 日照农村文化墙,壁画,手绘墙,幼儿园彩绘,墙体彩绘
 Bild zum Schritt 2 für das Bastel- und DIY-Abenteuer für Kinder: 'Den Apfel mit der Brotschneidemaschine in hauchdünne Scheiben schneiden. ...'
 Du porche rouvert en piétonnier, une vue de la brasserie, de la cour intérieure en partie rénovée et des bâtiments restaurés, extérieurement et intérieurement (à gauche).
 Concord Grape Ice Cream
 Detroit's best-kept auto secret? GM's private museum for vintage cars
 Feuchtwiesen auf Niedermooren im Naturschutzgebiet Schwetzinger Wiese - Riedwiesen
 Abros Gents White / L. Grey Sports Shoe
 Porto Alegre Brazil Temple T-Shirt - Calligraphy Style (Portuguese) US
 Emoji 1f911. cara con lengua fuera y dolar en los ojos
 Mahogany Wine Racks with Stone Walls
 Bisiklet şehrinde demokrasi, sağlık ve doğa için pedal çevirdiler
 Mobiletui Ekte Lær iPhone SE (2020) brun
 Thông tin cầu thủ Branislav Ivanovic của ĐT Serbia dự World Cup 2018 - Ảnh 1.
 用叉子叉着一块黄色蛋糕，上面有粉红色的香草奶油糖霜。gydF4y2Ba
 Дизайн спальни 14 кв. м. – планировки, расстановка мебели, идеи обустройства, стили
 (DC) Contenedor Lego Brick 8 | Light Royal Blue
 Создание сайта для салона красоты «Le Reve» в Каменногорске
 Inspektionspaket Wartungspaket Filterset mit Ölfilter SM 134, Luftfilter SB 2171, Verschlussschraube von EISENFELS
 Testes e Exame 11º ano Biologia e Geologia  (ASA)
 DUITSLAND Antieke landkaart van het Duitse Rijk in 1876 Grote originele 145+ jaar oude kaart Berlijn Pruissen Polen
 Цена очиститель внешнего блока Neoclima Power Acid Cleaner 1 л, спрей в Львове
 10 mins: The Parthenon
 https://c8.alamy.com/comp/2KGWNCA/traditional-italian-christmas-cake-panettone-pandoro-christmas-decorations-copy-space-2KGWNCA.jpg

→ **EXERCISE DETAILS**: Could you print the lines of the records above from the one containing "DUITSLAND Antieke landkaart" through the last, exactly and with no additions?

→ **RESPONSE AREA**:
 DUITSLAND Antieke landkaart van het Duitse Rijk in 1876 Grote originele 145+ jaar oude kaart Berlijn Pruissen Polen
 Цена очиститель внешнего блока Neoclima Power Acid Cleaner 1 л, спрей в Львове
 10 mins: The Parthenon
 https://c8.alamy.com/comp/2KGWNCA/traditional-italian-christmas-cake-panettone-pandoro-christmas-decorations-copy-space-2KGWNCA.jpg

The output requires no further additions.